On Sun, Mar 18, 2018 at 01:43:43PM +0800, WeiFeng Lai wrote:
> > How do you expect to do this, taking into account the fact that strace
> >process doesn't normally have CAP_SYS_ADMIN?
> >Note that stable upstream kernels do not normally accept new features.
> >And downstream kernels are also quite hesitant in doing so.
> 
> Thank you for a reply, I will summarize the previous misunderstandings:
> 1. strace does not have CAP_SYS_ADMIN privileges in most cases, and
> mounting /proc requires root privileges.
>     Therefore, it is not desirable to mount /proc continuously.
> 2. The method of adding a system call is difficult to be passed upstream
> kernel or downstream kernel, so the previous idea is really unrealistic.
> 
> >There are NSFS_* ioctls present that can be used for (PID) namespace
> >tree traversal[3]. Along with inspection of *id fields in
> >/proc/<pid>/status, the available information information is sufficient
> >for deriving the needed PID in strace's PID NS (having /proc mounted
> >with different PID NS quite complicates things but still manageable).
> >[1] https://lkml.org/lkml/2018/3/13/1544
> >[2] https://lkml.org/lkml/2017/10/13/177
> >[3] http://blog.man7.org/2016/12/introspecting-namespace-relationships.html
> 
> Thanks for your excellent documents which include many elegant thoughts.
> I think starting with /proc/[pid]/ns/* is better one after reading over
> these documents.
> Through reading a lot of articles to understand the structure of the
> namespace, the operation, and the new features of kernel 4.9 (I only
> contacted kernel 3.X and 4.1 before, but I'm downloading kernel 4.9), I
> know a truth that many things that can be used to display PIDs in different
> namespaces.
> 
> Some of my opinions as follows:
> In this article by Michael Kerrisk (link:
> http://blog.man7.org/2016/12/introspecting-namespace-relationships.html),
> the relationships and features between different namespaces are described.
> Describes one of the important features of linux kernel 4.9: Support for
> binding a (unmounted) object in the namespace using the file descriptor fd.
> With this feature, we can check the /proc/[pid]/ns/* files for all
> processes and build a map which contains all processes in the
> pid_namespaces and reflects hierarchical pid_namespace, the use of this map
> can be realized that all processes on the system can discover the PID and
> user namespace structure hierarchy on a live system.
> Referring to the source code in the article with the Go language (link:
> http://blog.man7.org/2016/12/introspecting-namespace-relationships.html), I
> think what I can do at the moment is to use the knowledge from "Introduce
> to algorithm" and other Data Structures before learning, and use those
> knowledge to optimize the retrieval process.
> Is there anything wrong with my understanding of those documents?
> Is there any better suggestion?

Yes, a PID NS tree should be built (at least to the point the desired
information is obtained) in order to perform the translation. As I said,
the endeavor can be complicated by the fact that /proc can be mounted from
the alien PID namespace, but in that case we can just bail out early, as
it is not a normal setup (however, pretty much possible).

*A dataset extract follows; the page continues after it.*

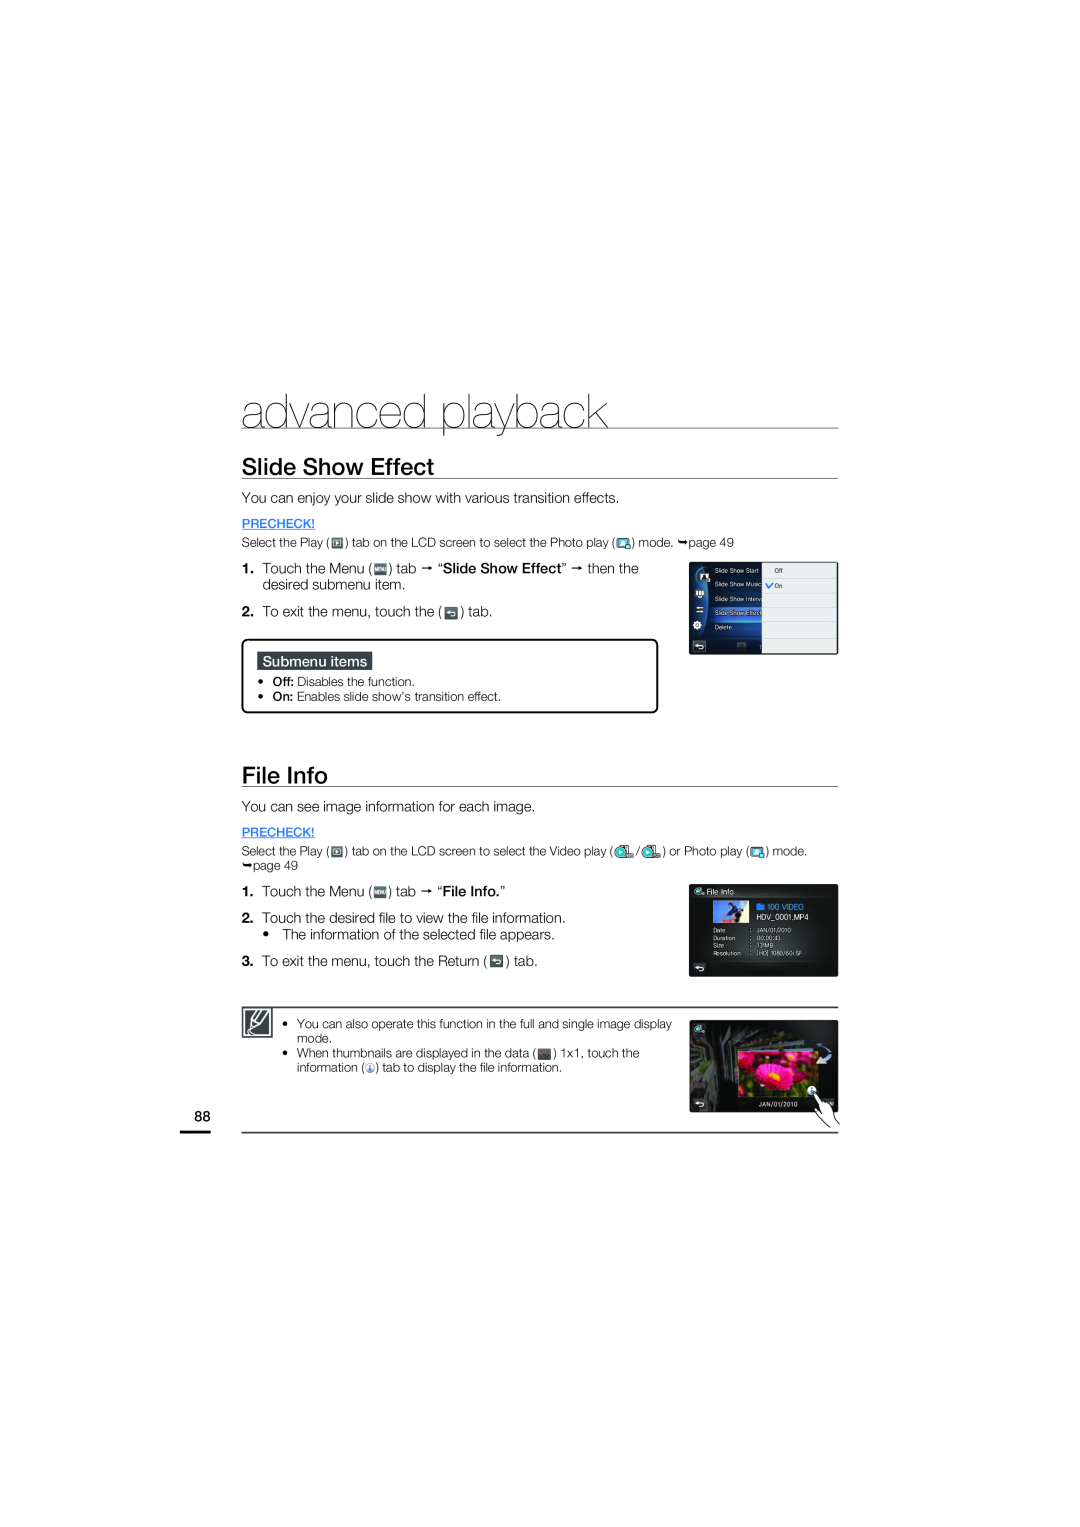 Samsung HMX-S15BN/XAA, HMX-S10BN/XAA manual Slide Show Effect, File Info, advanced playback, Submenu items

Note that since this is involves quite a lot of syscalls, some form of
caching should be implemented. It is also complicated by the fact that
processes can come and go between queries, so we should account for that
somehow ({i,fa}notify?).

> BWT, there is another problem I don't how to solve it. it needs
> CAP_SYS_ADMIN when system check the contents of  /proc/[pid]/ns/* .
> that means strace need CAP_SYS_ADMIN  privileges still. Is there some
> better ways to solve this problem?

Why are you saying that CAP_SYS_ADMIN is needed? It perfectly works without it.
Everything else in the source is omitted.